### [ASSIGNED TASK]
The required output is the exact run of lines below that opens at the line with "Piper Classics Kathryn" and closes at the line with "Upland suckler beef".

### [RECORDS TO USE]

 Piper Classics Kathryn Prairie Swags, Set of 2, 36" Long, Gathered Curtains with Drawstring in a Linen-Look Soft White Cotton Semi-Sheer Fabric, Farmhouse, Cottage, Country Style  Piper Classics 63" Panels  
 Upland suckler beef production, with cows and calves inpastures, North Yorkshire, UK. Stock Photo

* * *

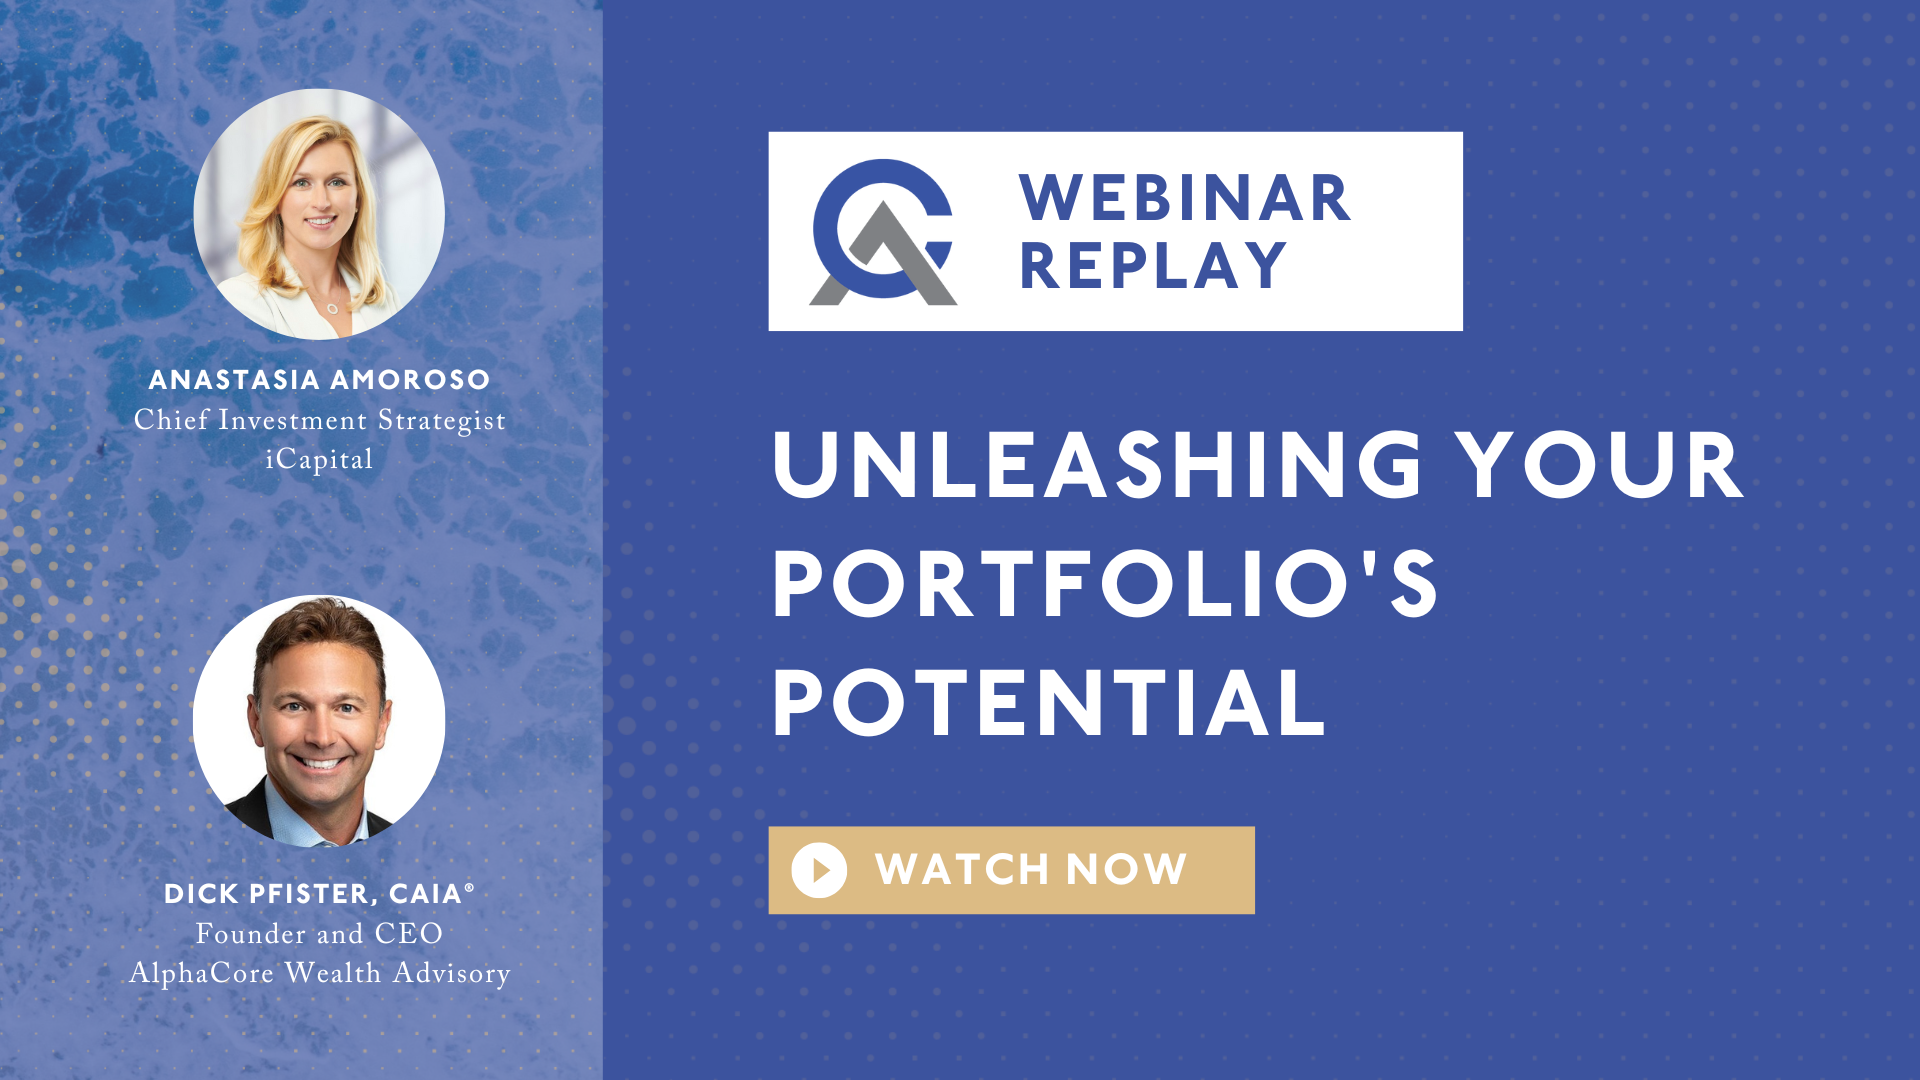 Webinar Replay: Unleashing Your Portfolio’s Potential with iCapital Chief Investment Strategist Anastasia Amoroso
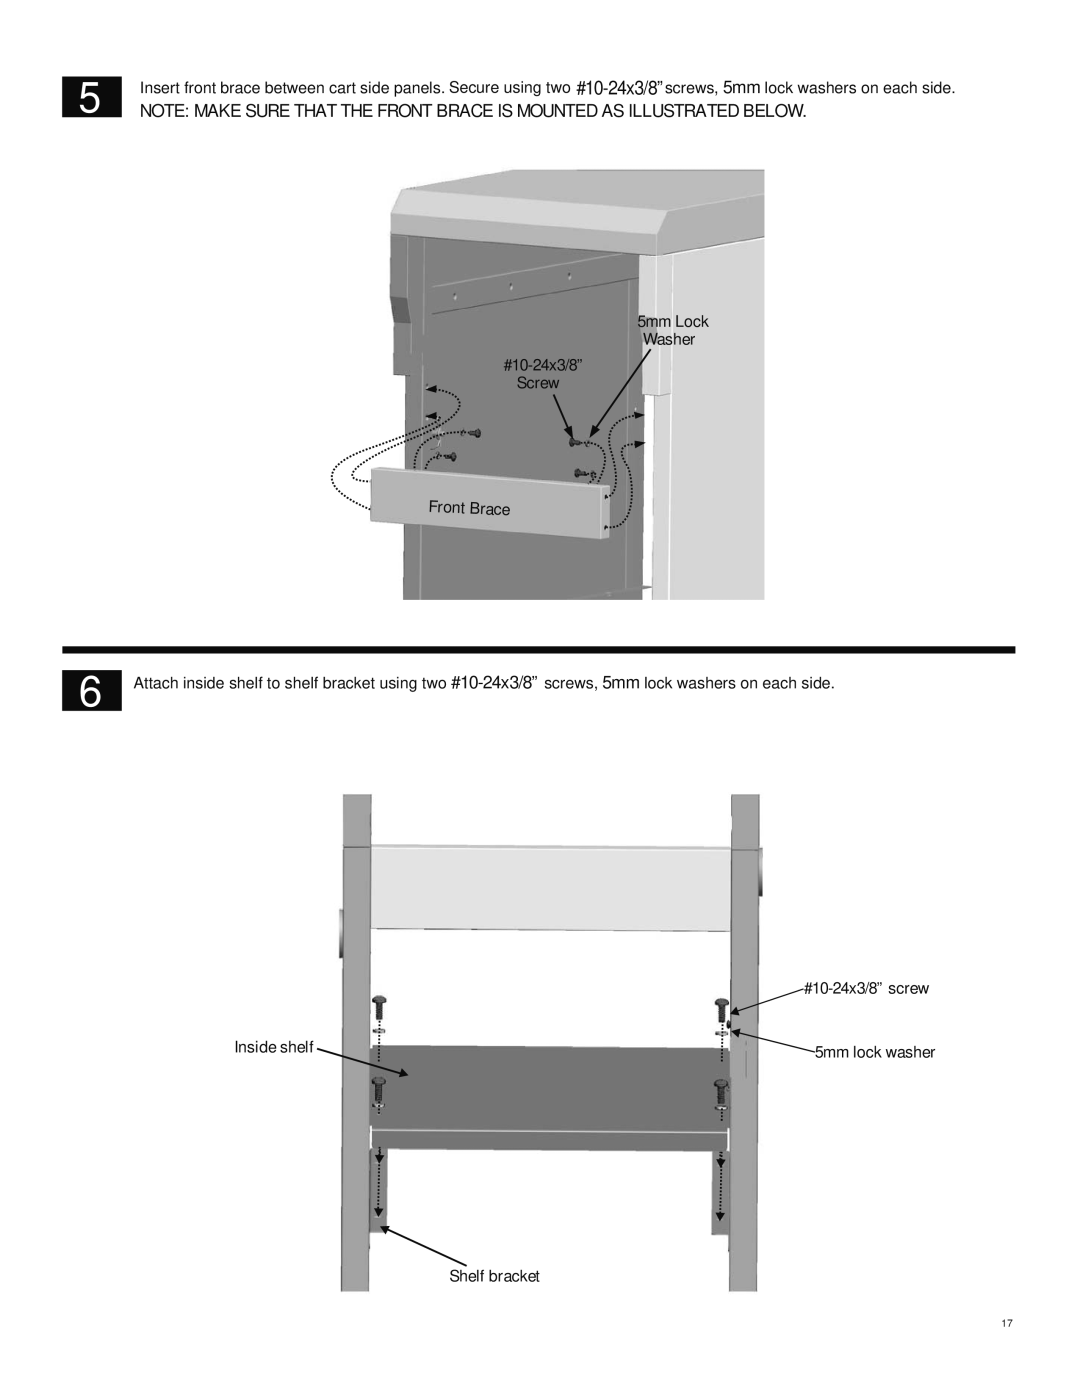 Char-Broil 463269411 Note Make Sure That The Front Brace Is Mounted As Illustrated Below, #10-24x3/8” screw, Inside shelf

### [RESULT OF THE TASK]
 Piper Classics Kathryn Prairie Swags, Set of 2, 36" Long, Gathered Curtains with Drawstring in a Linen-Look Soft White Cotton Semi-Sheer Fabric, Farmhouse, Cottage, Country Style  Piper Classics 63" Panels  
 Upland suckler beef production, with cows and calves inpastures, North Yorkshire, UK. Stock Photo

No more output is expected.